그리고 map과 lambda를 이용하여 headline과 date를 긁어온다.

docs를 보면 여러 기사들이 들어있는 것을 볼 수 있다.

기사 하나하나의 headline을 긁어오기 위해 map 함수를 사용했다.

nyt_headline_date = []
for i in range(len(nyt_title)):
    nyt_headline_date.append([nyt_title[i], nyt_date[i]])

nyt_headline_date = list(map(lambda x: "" if x[1]=="" else ("" if str(x[1])<"2012-01-01" or str(x[1])>="2022-05-01" else x), nyt_headline_date))
nyt_headline_date = [v for v in nyt_headline_date if v]

headline과 date를 한번에 list로 넣은 nyt_headline_date를 만든다. append를 사용하면 list의 요소를 하나씩 넣어줄 수 있다.

그리고 date가 2012년 1월 1일 ~ 2022년 5월 1일 전까지의 데이터만 선별한다. 기간에 해당하지 않는 데이터는 빈칸으로 생성한다.

그리고 for문을 이용해 값이 존재하지 않으면 삭제를 해 데이터를 뽑아내준다.

그 후 불용어 제거, 구두점 제거, 표제어 추출, 소문자 변환, 토큰화를 진행한다.

데이터 수집 연도와 월을 결합한 year_month를 입력값으로 받고, NYT API 뉴스 수집부터 토큰화까지 실행시켜주는 함수를 만든다.

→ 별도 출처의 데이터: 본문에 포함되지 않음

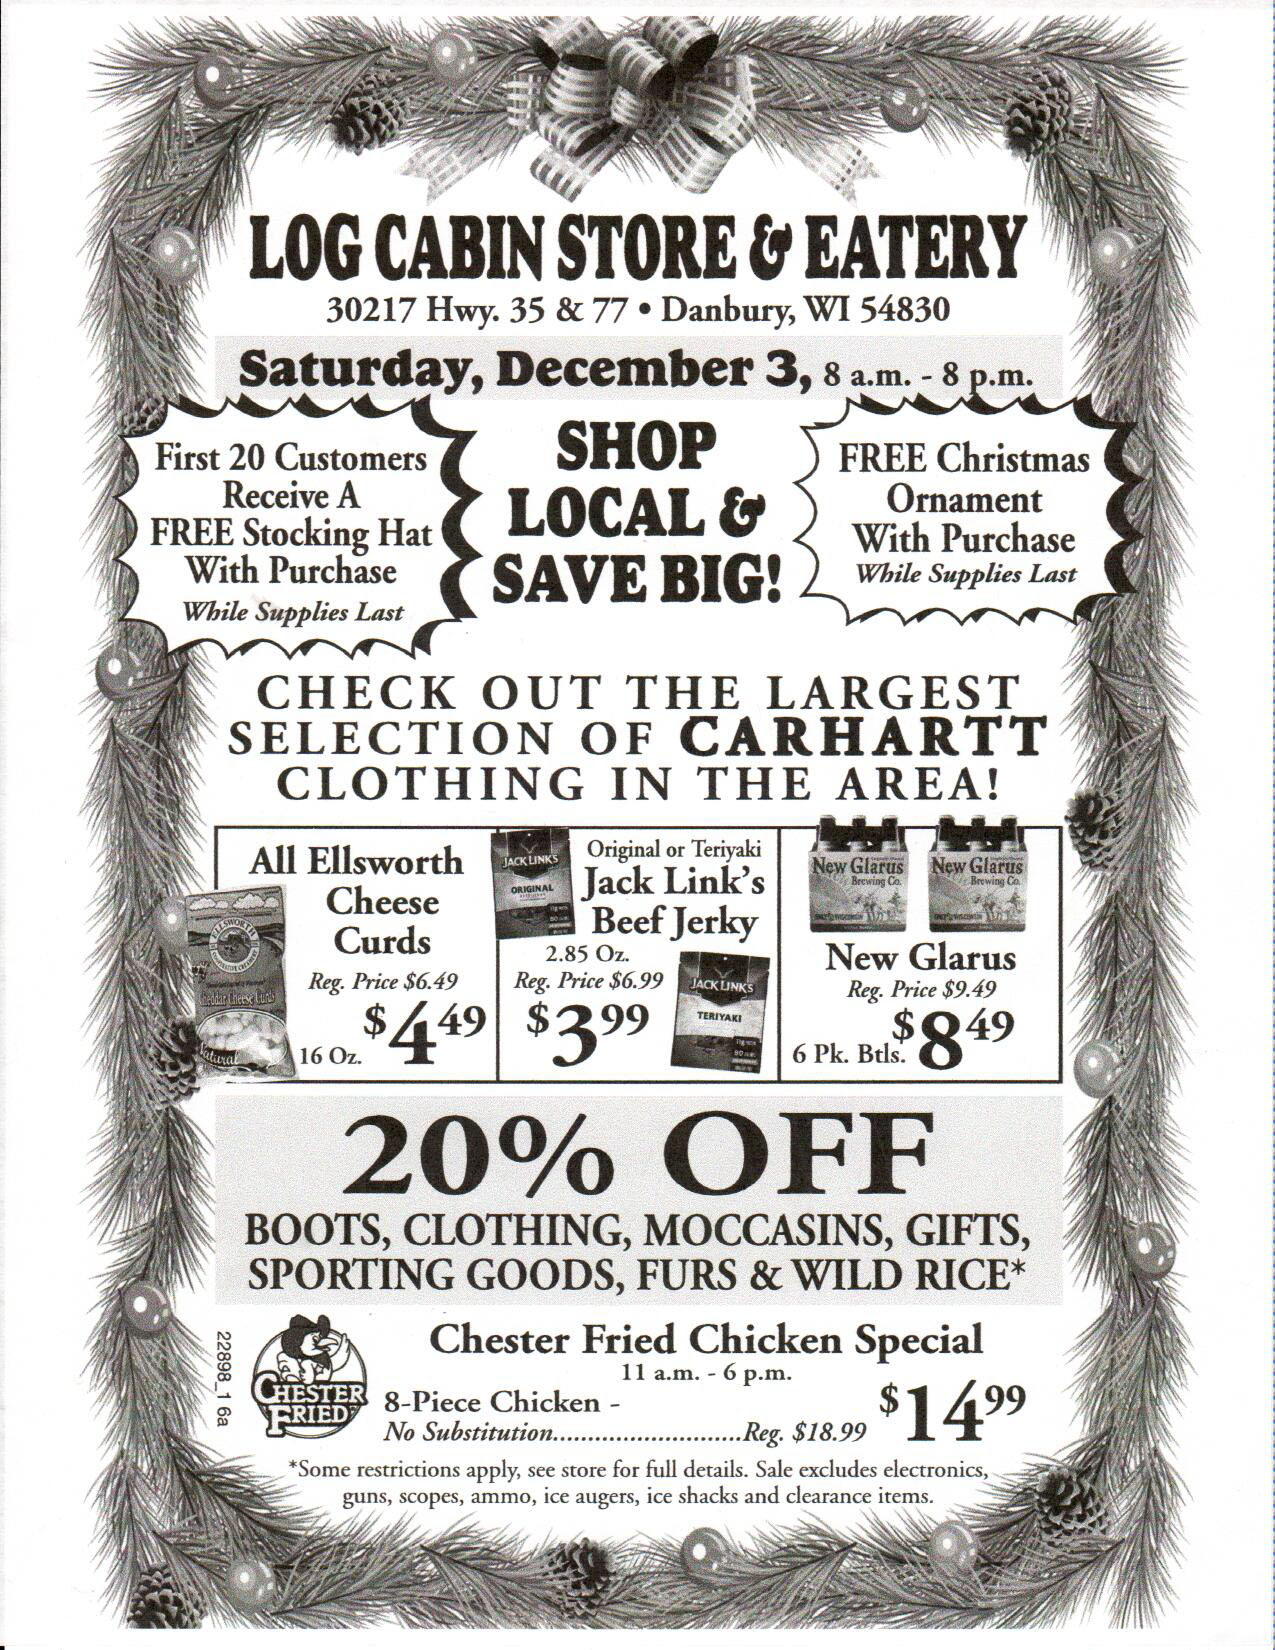 Log Cabin Store & Eatery, Danbury, WI

두번째, 감성분석 score을 생성하는 파일을 만든다.

import nyt_collection_func as nyt_func
import datetime
import itertools
import pandas as pd
import numpy as np

from multiprocessing import Pool
from nltk.sentiment.vader import SentimentIntensityAnalyzer
from textblob import TextBlob

패키지를 로드해준다. nyt_collection_func은 위에서 생성한 py파일을 의미한다.

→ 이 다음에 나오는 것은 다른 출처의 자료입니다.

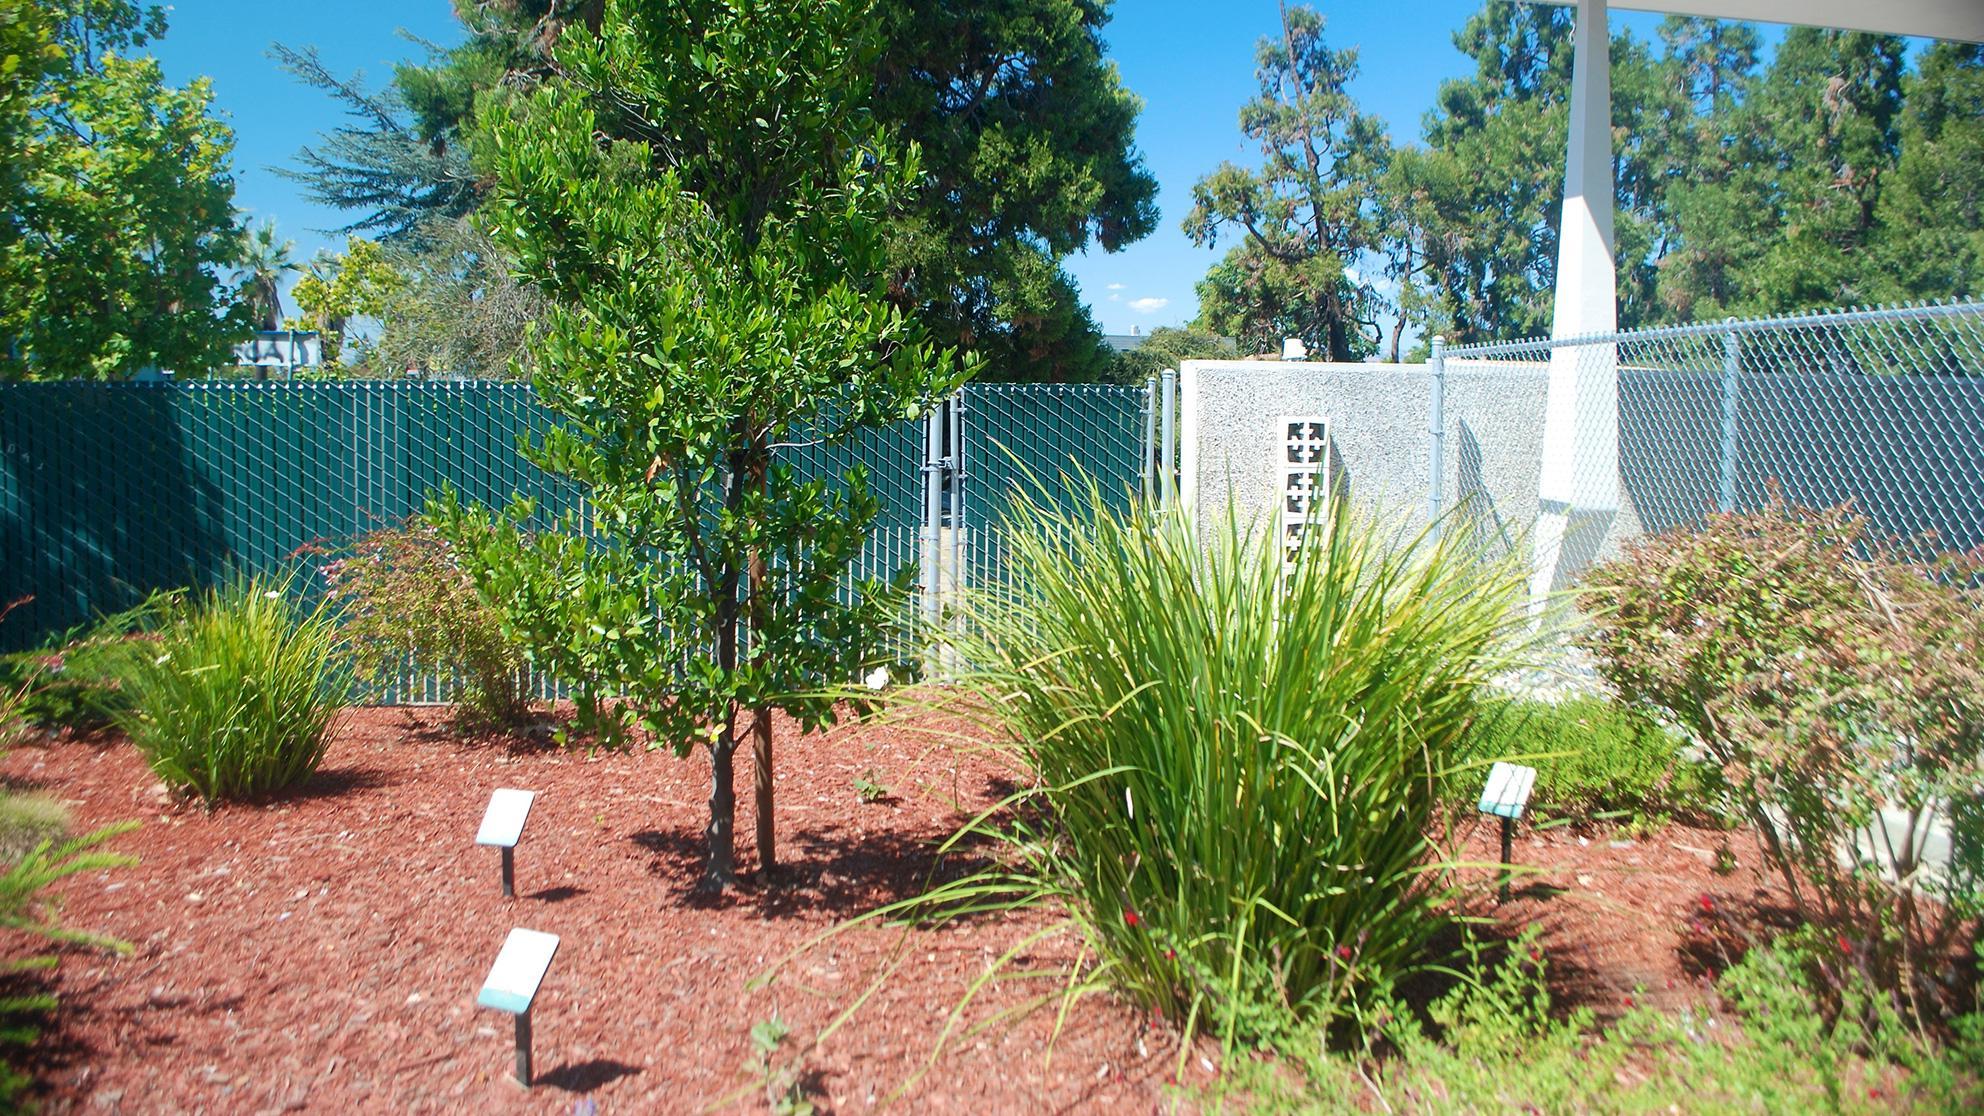 Image of the San Jose Water demonstration garden

year = list(map(str, list(range(2012,2023))))
month = list(map(str, list(range(1,13))))

year_month = []
for i in range(len(year)):
    for j in range(len(month)):
        year_month.append([year[i], month[j]])
year_month = year_month[0:124]

수집할 연도와 월을 지정한 list를 생성한다. 2012년 1월부터 2022년 4월까지 데이터를 수집하도록 한다.

start = datetime.datetime.now()
nyt_collection_result = list(map(lambda x:nyt_func.nyt_preprocess(x), year_month))
print(datetime.datetime.now()-start)

아까 생성한 NYT API 데이터를 수집하는 func을 실행시켜준다.

실행시간은 약 30분 정도가 걸렸다. 병렬처리를 하려고 시도했으나 한번에 많은 요청이 들어와 error가 생겼다. 그래서 병렬처리는 사용하지 않고, time.sleep도 넣어주어서 딜레이를 걸어 error가 생기지 않도록 했다.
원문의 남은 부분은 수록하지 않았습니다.